OFF THE HOOK
What was going on in my head is what happens to most people when we get a result we don’t like – we blame. It’s THEIR fault, not ours. It never has to do with us. And we think like that because it gets us off the hook for our own bad behavior. Then we walk around mad, blaming whatever we don’t like on someone or something else.
But here’s the catch: your results are caused by what you think. Not just influenced, CAUSED. And if you’re walking around pissed off and thinking people are jerks, what kind of result do you think that’s going to produce? Back at the pharmacy, the result I was looking for was better service. It is very unlikely that I would have gotten that result by acting out and being a jerk to New Girl.
Now, I’m not suggesting that people shouldn’t be held to account. That’s super important. Could she have done a better job? Sure. But the point is that I could’ve done a better job, too. WAY better. The truth is, I lost my patience in the long line and allowed myself to become annoyed. Then I lashed out at New Girl and blamed her for my own bad behavior.

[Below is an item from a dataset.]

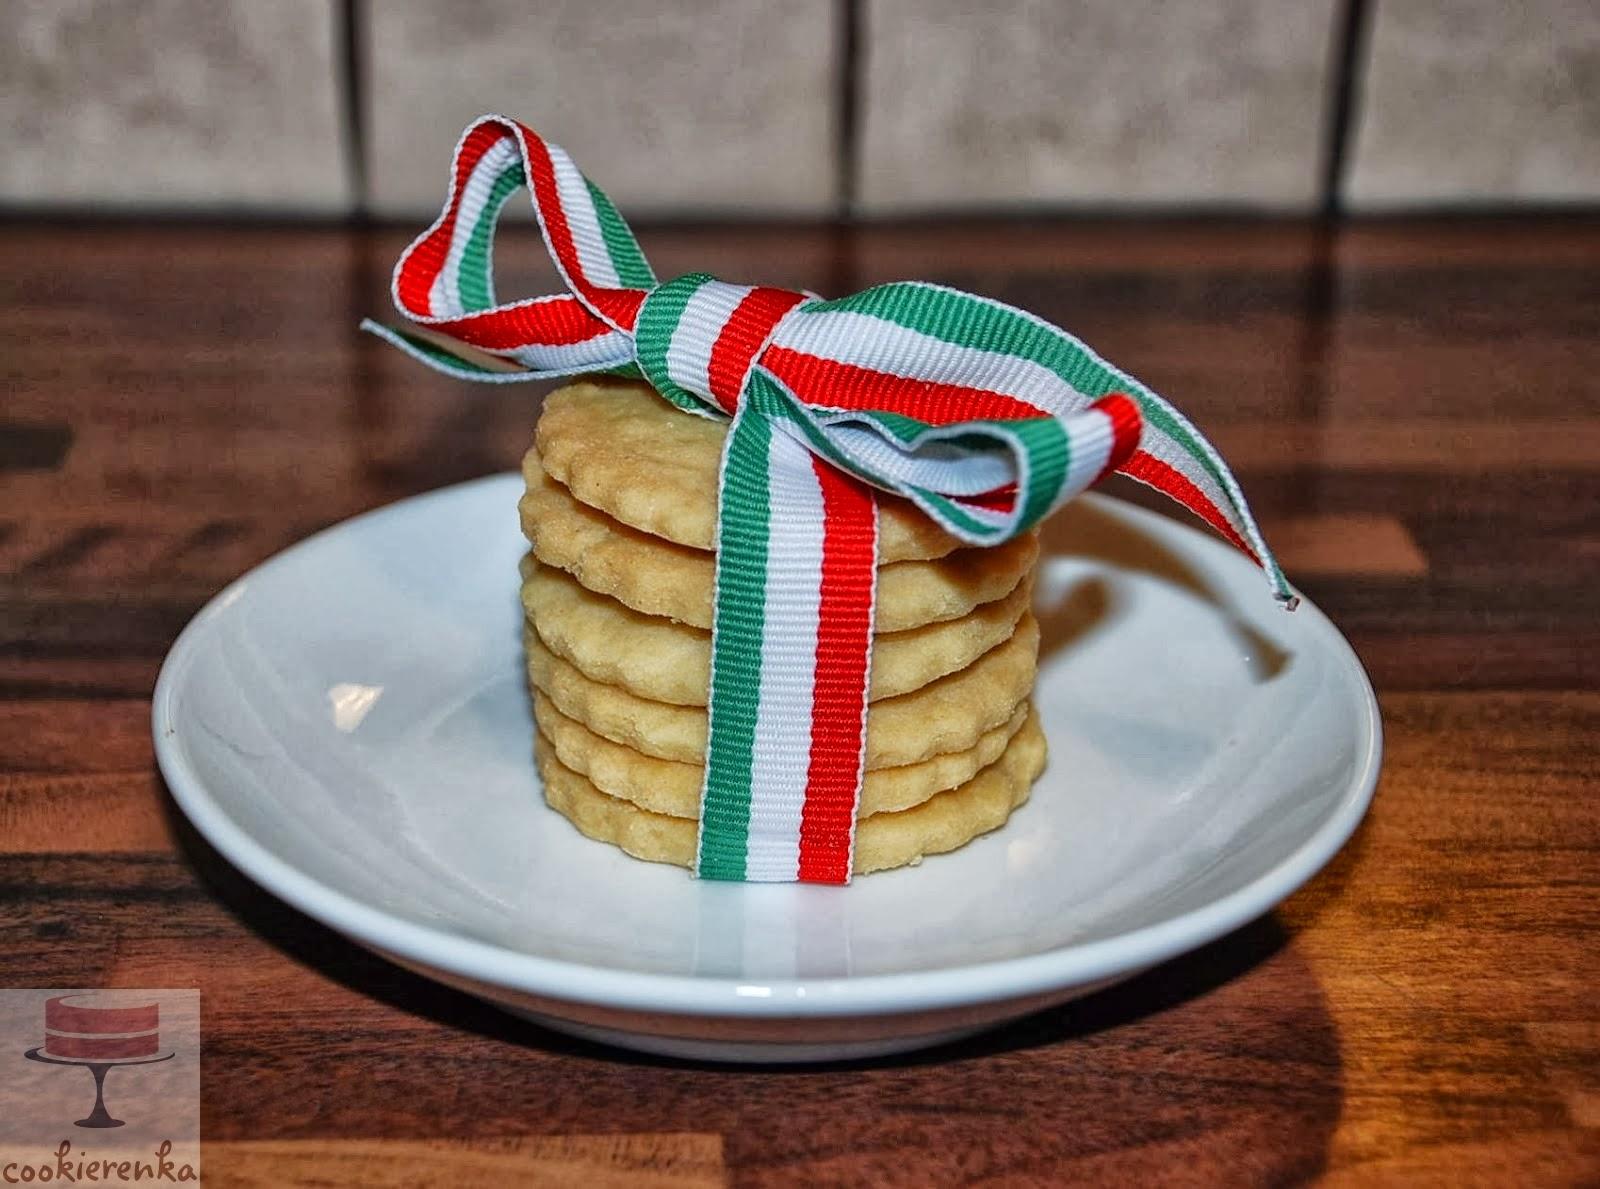 http://www.cookierenka.com/2013/10/proste-ciasteczka-maslane.html

But my behavior is my own to deal with. I’m the only person who can be held accountable for how I want to show up in the world. Do I want to be that impatient, snarky customer who ruins a new employee’s day? Certainly not. So I decided to do something about it.
TURNING IT AROUND
I made a u-turn, and headed back to the drug store. I walked up to the counter and came face-to-face with New Girl, who looked at me like a deer in headlights. Oy. That’s exactly what I came back to fix. I said, “Oh my god, I am so sorry! And I came back to apologize to you, you did not deserve my wrath, please forgive me.” And she gave me a big smile, and said it was alright, and also apologized for the long wait. I instantly felt better, and I could see she did too. Poof: I had transformed myself from Crazed Customer back to being The Best Beth. It was that easy.

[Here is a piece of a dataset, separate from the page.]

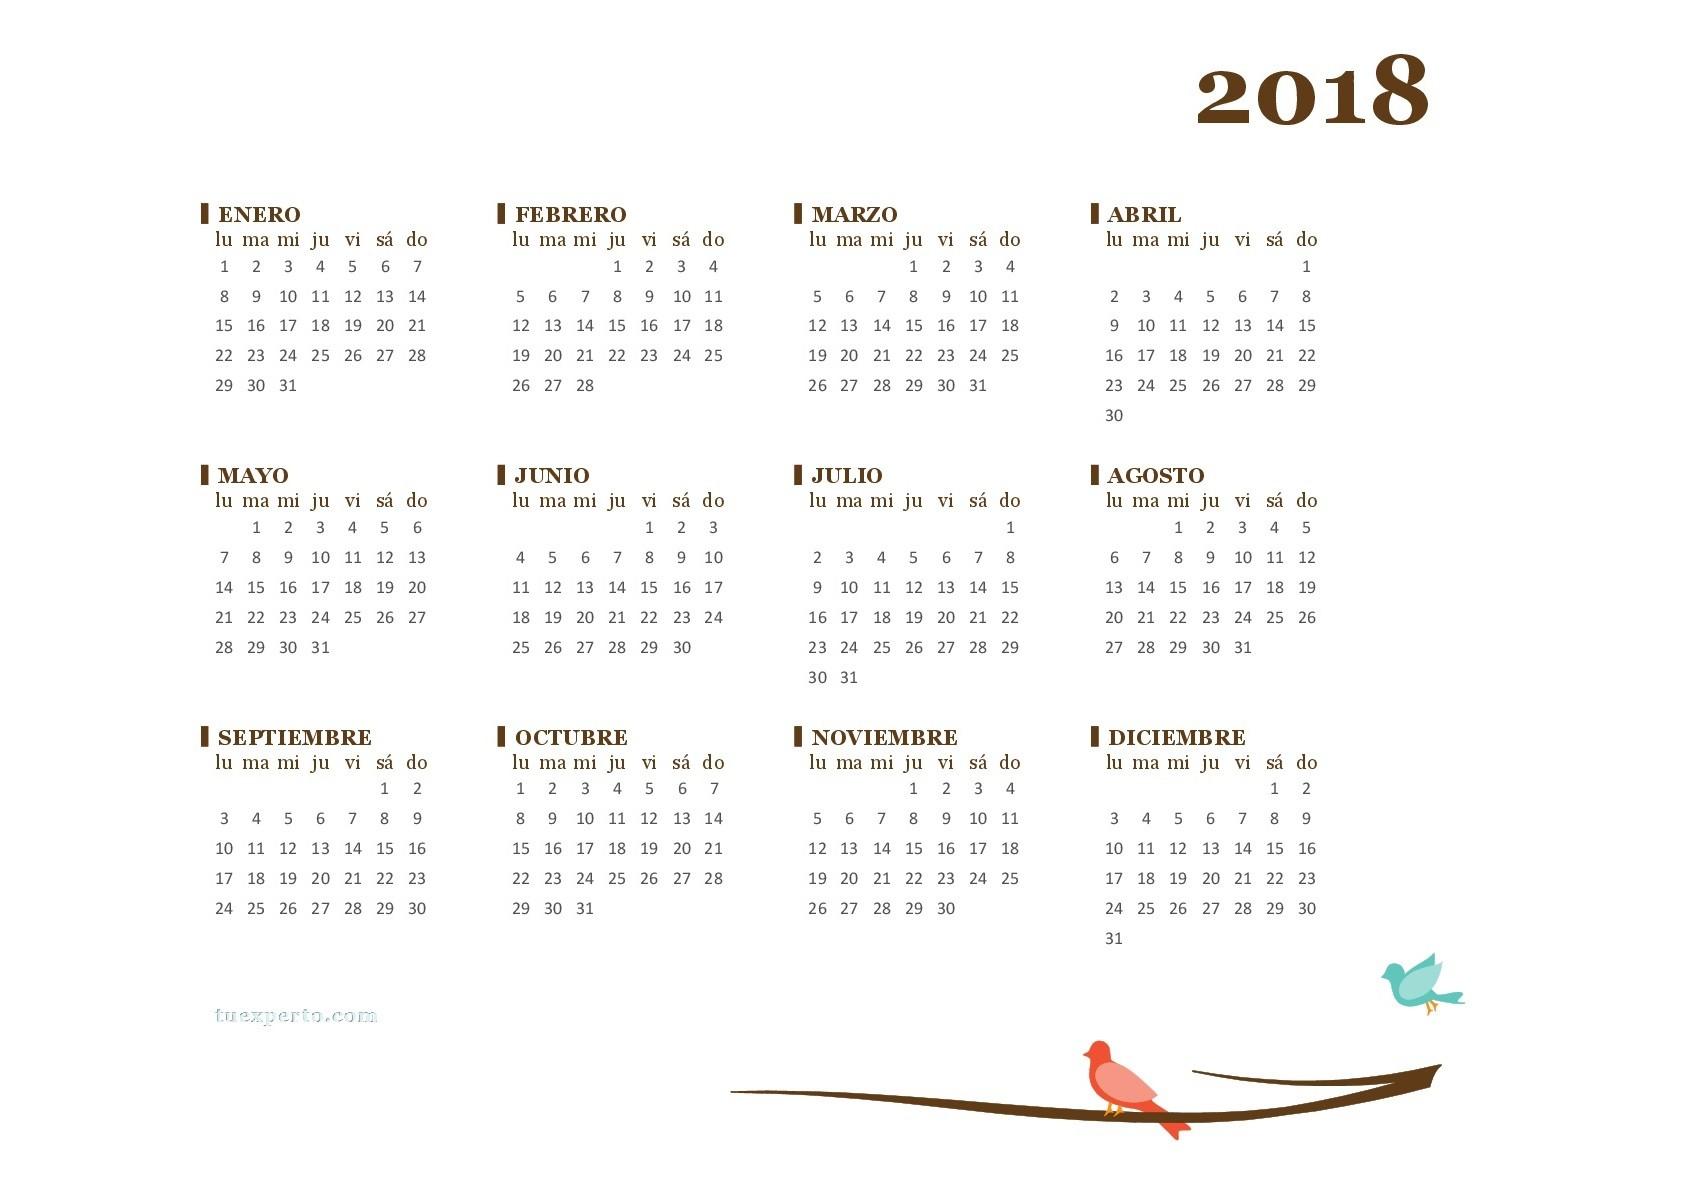 Calendario 2019 Para Imprimir Blanco Más Populares Calendario Julio 2016 Con Notas Para Imprimir July Calendar Of Calendario 2019 Para Imprimir Blanco Recientes Eur Lex R2447 En Eur Lex

Next time you find yourself in a situation like mine, where you are convinced that someone is being a total jerk, I urge you to take a step back and consider a different perspective.
Ask yourself what, if anything, you might have done to create this situation. What could you have done differently so that the other person would have to respond accordingly?

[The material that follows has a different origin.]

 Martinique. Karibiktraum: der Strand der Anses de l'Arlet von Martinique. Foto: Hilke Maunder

There is an alchemy that occurs in all relationships – any single element you add will inevitably cause a reaction and alter the outcome. Set a standard for who and how you want to be in your interactions, regardless of what’s going on around you.
Suffice it to say, the old me would NEVER have driven back to that pharmacy to apologize for losing my cool. I’m not just proud of the way I owned up to my behavior with New Girl, I’m proud of how far I have come in my own quest to be nicer and more patient. I’m not perfect, but today I’m a way better Beth than I’ve ever been, and that feels awesome.